54. With a desire to propitiate Śaṃbhu, they too installed Liṅgas after their names and stayed at Kāśī, the source of origin of salvation.
56. By visiting Nandiṣeṇeśvara to the north thereof, a man shall get an Ānandasenā (immense delight) and instantaneously conquer even death.
58. By adoring Piṅgaleśvara, a little to the north of Kāleśa, one shall obtain knowledge of the form of Piṅgala and attain identity therewith.
59. Those who display devotion to Kukkuṭeśvara Liṅga having the shape of hen’s egg will never be born in a womb.
60. When the five Gaṇas, O sage, beginning with Somanandī stayed on at Ānandakānana, Sthāṇu said:
61-63. “This alone should be done by us, if due reflection is made. Let these persons of mine stay there under this pretext. Even if the Pramathas of greatness and virility enter Vārāṇasī, it is beyond doubt that even (it is as good as) I have entered it. I shall send successively whatever attendant I have. When all have gone, I shall also go.”
64. After deciding thus within the heart, four of his Pramatha Gaṇas were sent by the Trident-bearing Lord of Devas.
66. They employed hundreds of means, but none of them was capable of making Divodāsa agitated or confused.
67. ‘By which action does the Lord become satisfied, if hundreds of offences were committed.’ Pondering thus, they carried on the excellent propitiation of the Liṅgas.
68. If a single Liṅga of Śaṃbhu was duly adored here, the Three-eyed Lord may forgive a hundred offences and bestow salvation.
70. If he is conversant with the procedure of Liṅga worship and is always engaged in the worship of the Liṅga, even if the man possessed two eyes he should be directly conceived as three-eyed.
71. Neither by the gift of a hundred cows nor by the gift of a hundred gold pieces, is that benefit obtained by men which they get by worshipping the Liṅga once (only).
72. That benefit is not obtained by Yagas like horse-sacrifice, which is obtained by men by worshipping the Liṅga always.
73. After duly bathing the Liṅga, if the devotee sips thrice the water with which it is bathed, the three types of his sins perish quickly.

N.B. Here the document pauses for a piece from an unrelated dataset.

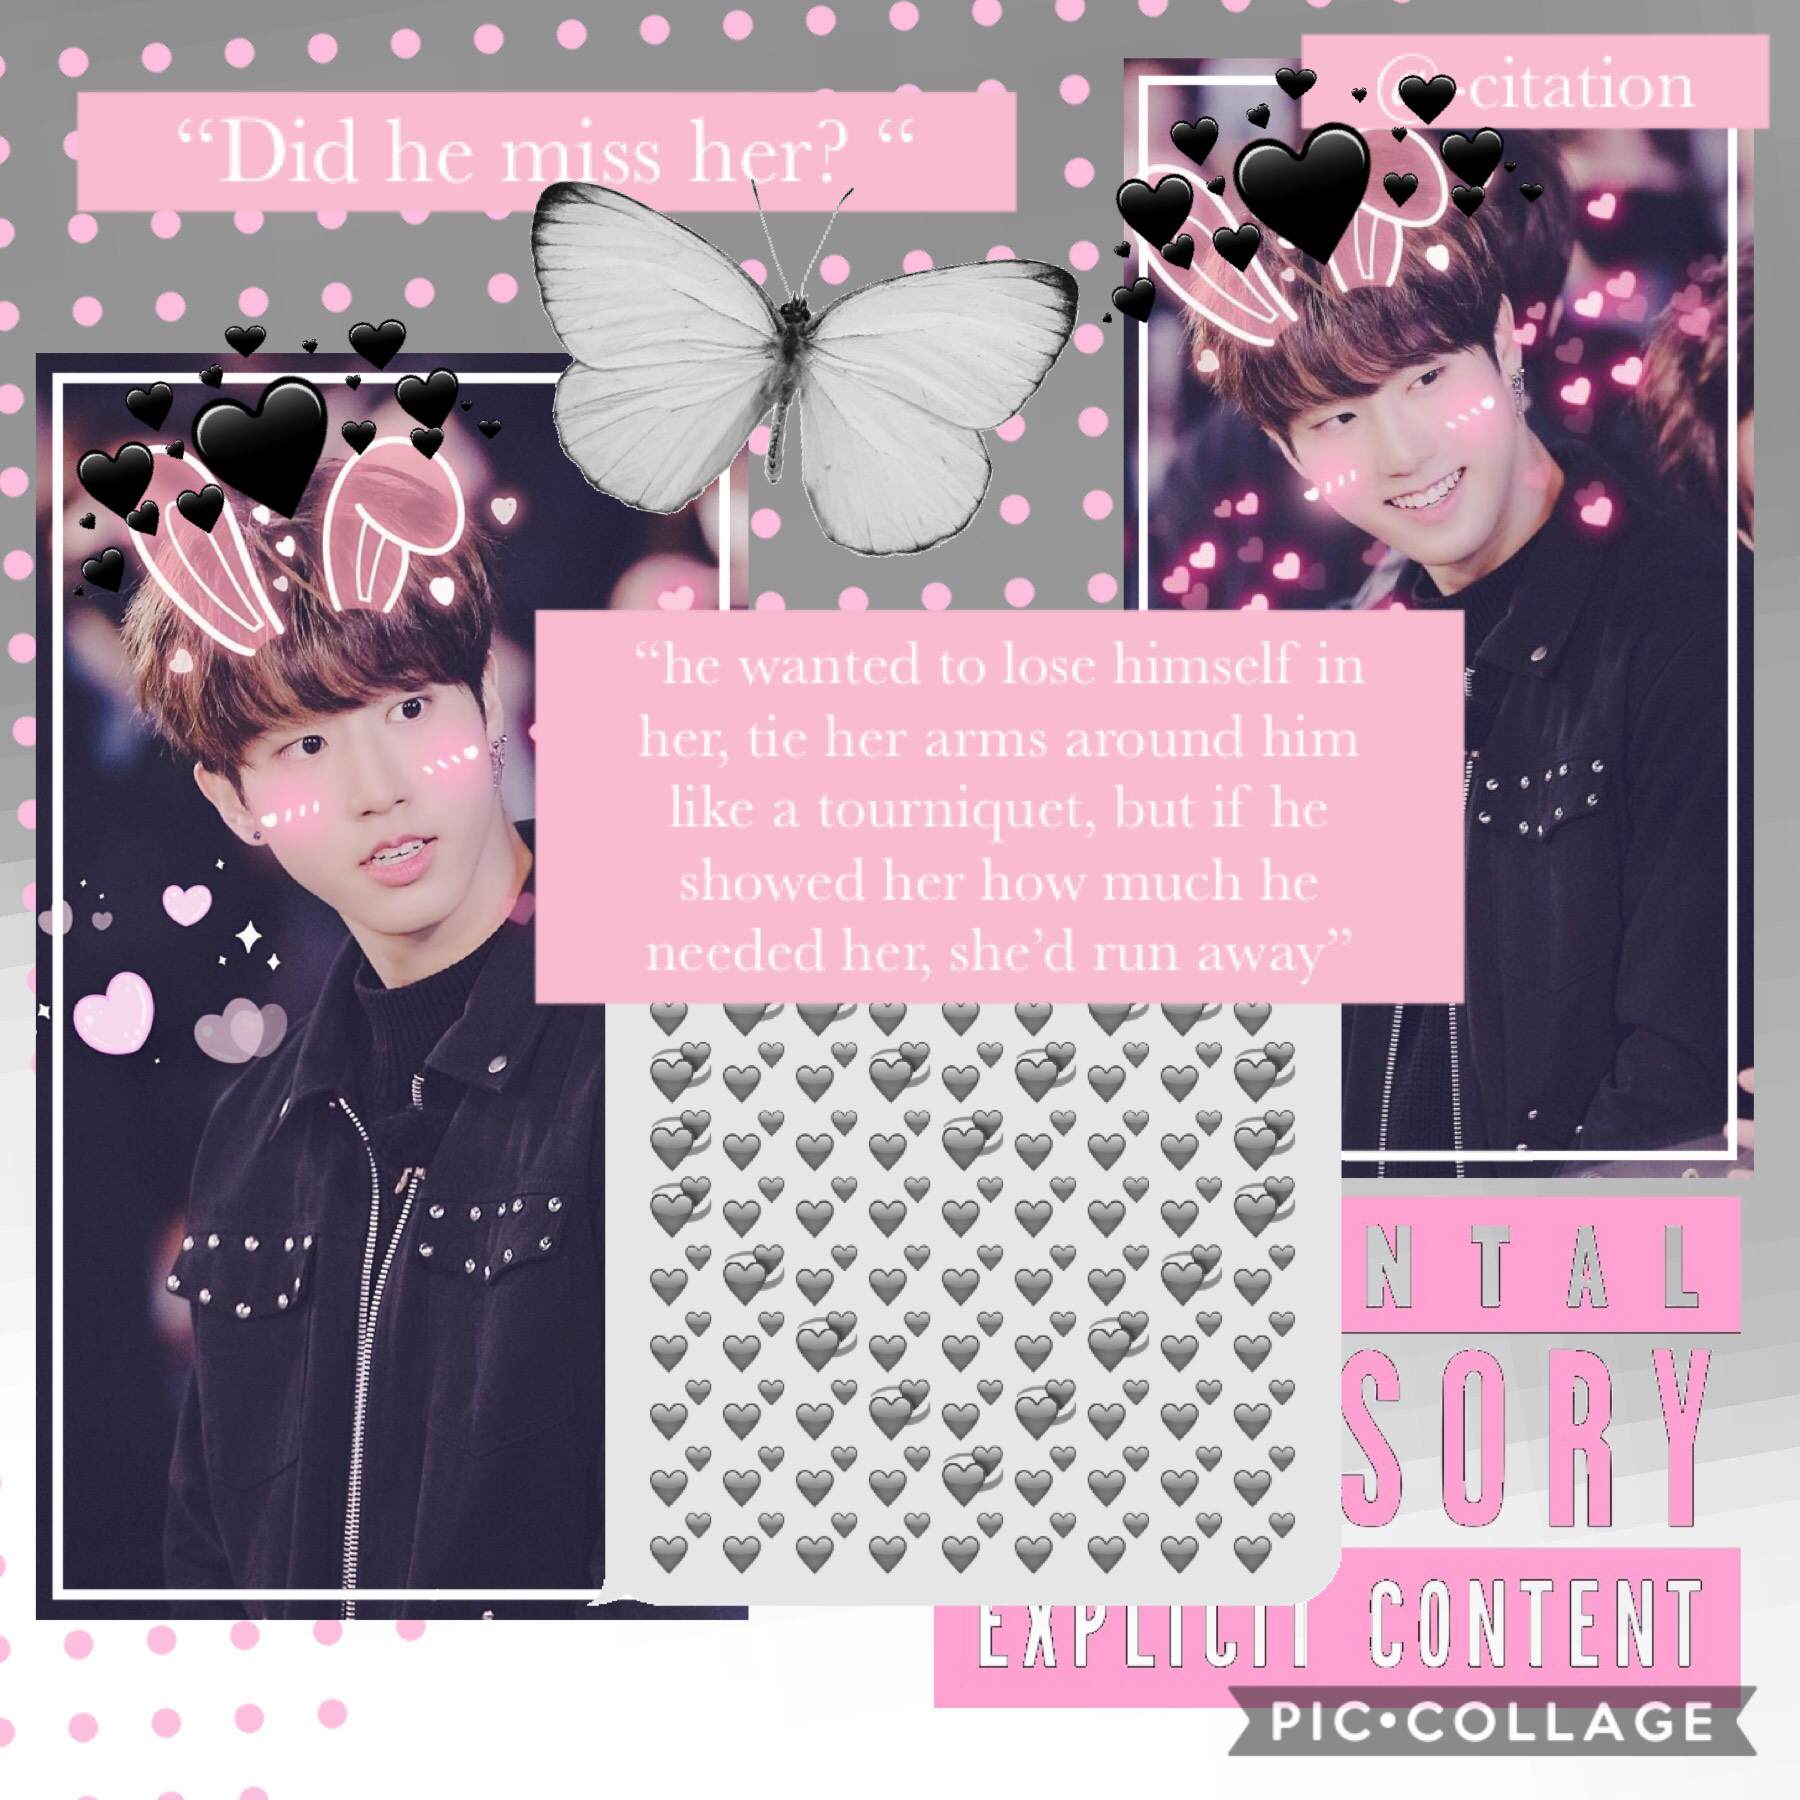 tapppp baes 😘
Edit for @jaEwALkiNg (go follow for amazing edits and support) 
TYSM for your support (omg I’ve been getting 30ish likes again yay now i just have to wait till I get 50s!!)

74. He who bathes his head with the water of the ablution of the Liṅga gets the benefit of holy dip in Gaṅgā, and he becomes free from sin here itself
75. After visiting an adored Liṅga, if anyone bows down to it even once, doubt arises in respect to his becoming embodied (in the next birth, i.e. he is not born again).
76. If anyone instals [installs] a Liṅga with devotion, there is no doubt in this that he becomes free from sins committed in the course of seven births. On being purified, he attains heaven.’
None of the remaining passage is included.